Pairing (Search for Heterotypic Motifs)

  1. Comparing Motifs: Each pair of different motifs is compared once, without repetition.

  2. Finding Intersections: Determine if there are intersections among the top n promoters for two motifs.

  3. Checking Overlapping Coordinates: For each promoter in the intersection, check if the binding coordinates of motif a overlap with those of motif b.

  4. Recalculating Probability: If an overlap is found, and it exceeds a preset threshold (ICthresh), recalculate the binomial distribution probability and compare it with the threshold value for the corresponding motif recorded in the binomial_thresholds.txt file.

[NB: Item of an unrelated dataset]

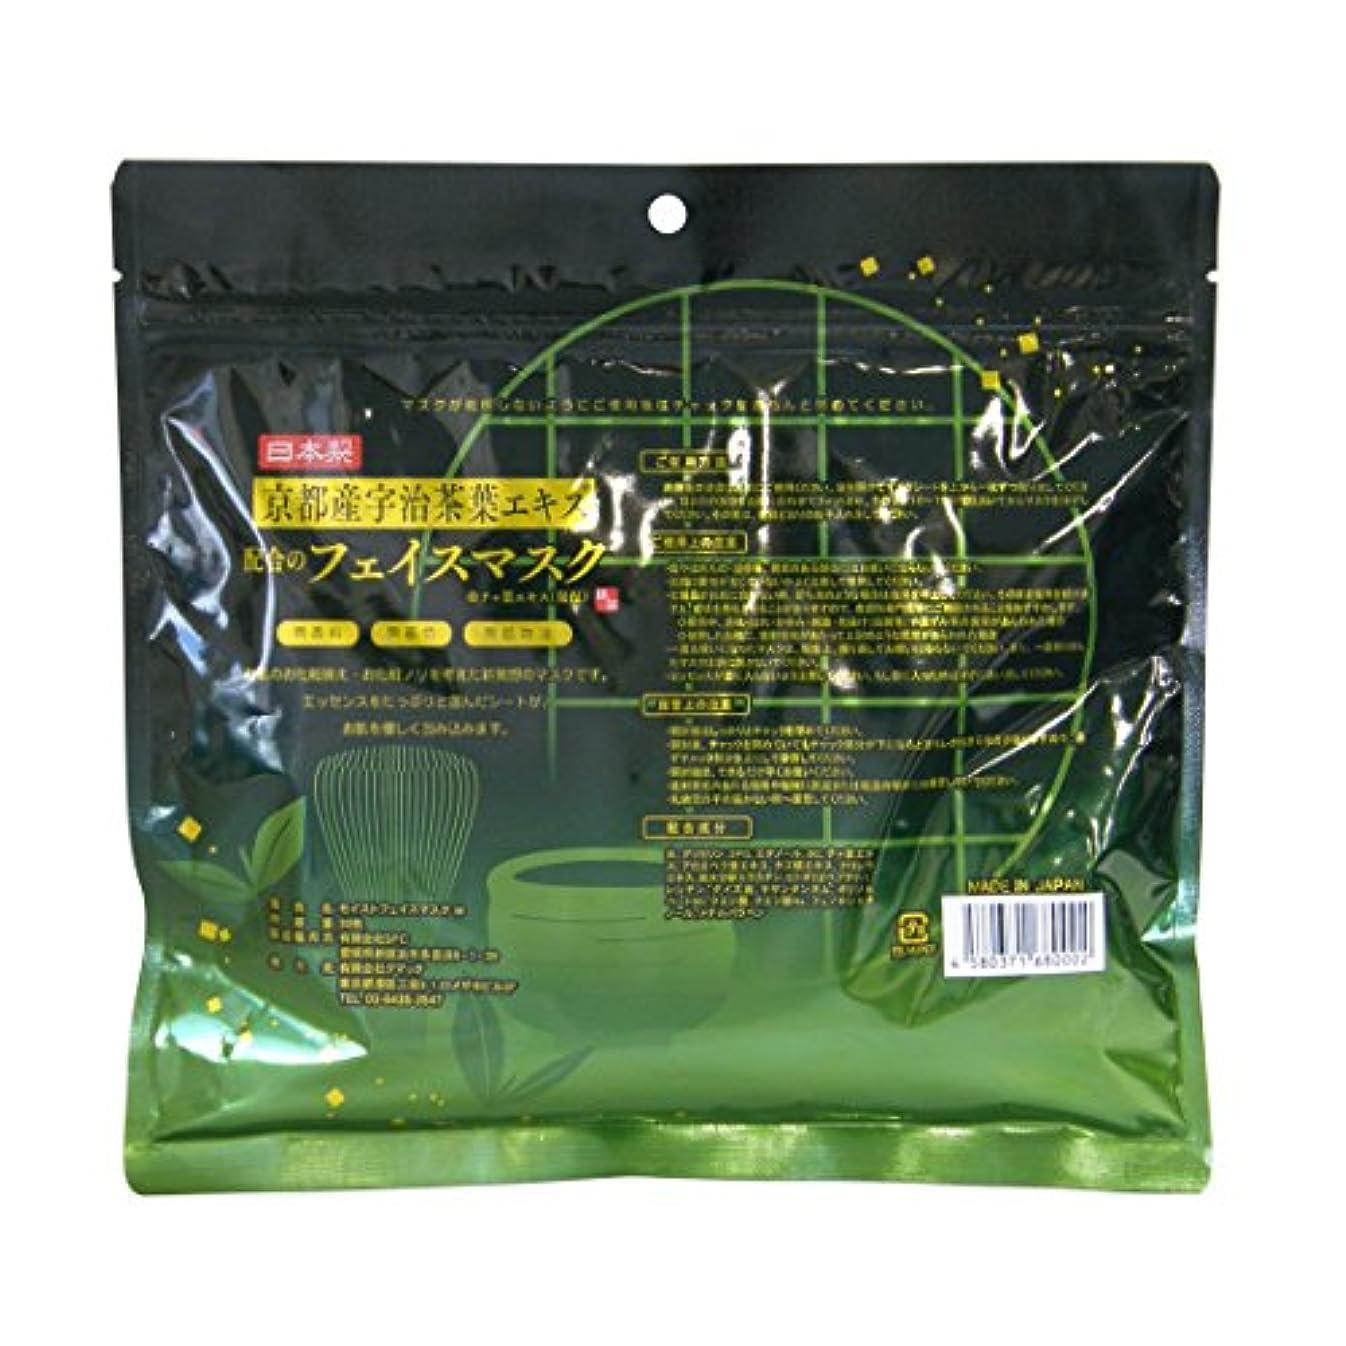 スコットランド人量同様の京都産宇治茶葉エキス配合フェイスマスク 30枚

If the new value exceeds the saved threshold, discard that motif pair.

  5. Intersection with Functional Groups: Calculate the intersection of a specific functional group (such as a cluster of 400 cell cycle genes) with genes containing both motifs.

  6. Hypergeometric Distribution Test:

    Perform a hypergeometric distribution test on the three sets (functional group, the gene group with both motifs, and their intersection) to calculate the p-value.

    1. Defining Sets:
      1. Functional Group Gene Set: This is a predefined specific functional group, such as 400 cell cycle-related genes.
      2. Gene Group with Both Motifs: Obtained from previous steps, these genes contain both motif a and motif b in their promoter regions.
      3. Intersection Gene Group: The intersection of the functional group gene set and the gene group with both motifs.
    2. Purpose of the Hypergeometric Distribution Test: The test aims to evaluate the probability of observing a specific number of functional group genes within the gene group containing both motifs. This reveals the potential correlation of the two motifs in regulating specific functional genes.
    3. Calculating Hypergeometric Distribution Probability (p-value):
      • Population Size (N): Total number of genes in the genome.
      • Number of Successes in Population (K): Total number of genes in the functional group (e.g., 400 cell cycle genes).
      • Sample Size (n): Size of the gene group with both motifs.
      • Observed Successes in Sample (k): Size of the intersection gene group.
      • Calculating the p-value: Using these parameters, calculate the probability of observing at least k functional group genes in the gene group with both motifs under the assumption that there is no specific relationship between functional group genes and genes with both motifs.
    4. Determining Statistical Significance: A lower p-value suggests that the observed intersection is unlikely to be a random event, implying that the two motifs may work synergistically in regulating genes in that specific functional group.
  7. Outputting Results: All the pairwise comparison results for motifs, along with related p-values and lists of intersecting genes, are recorded and outputted.

Through these two steps, PMET accurately determines the likelihood of specific motifs binding in promoter regions and selects the promoters most likely to contain these binding sites. This is crucial for understanding how transcription factors regulate gene expression, especially in the context of homotypic and heterotypic motifs.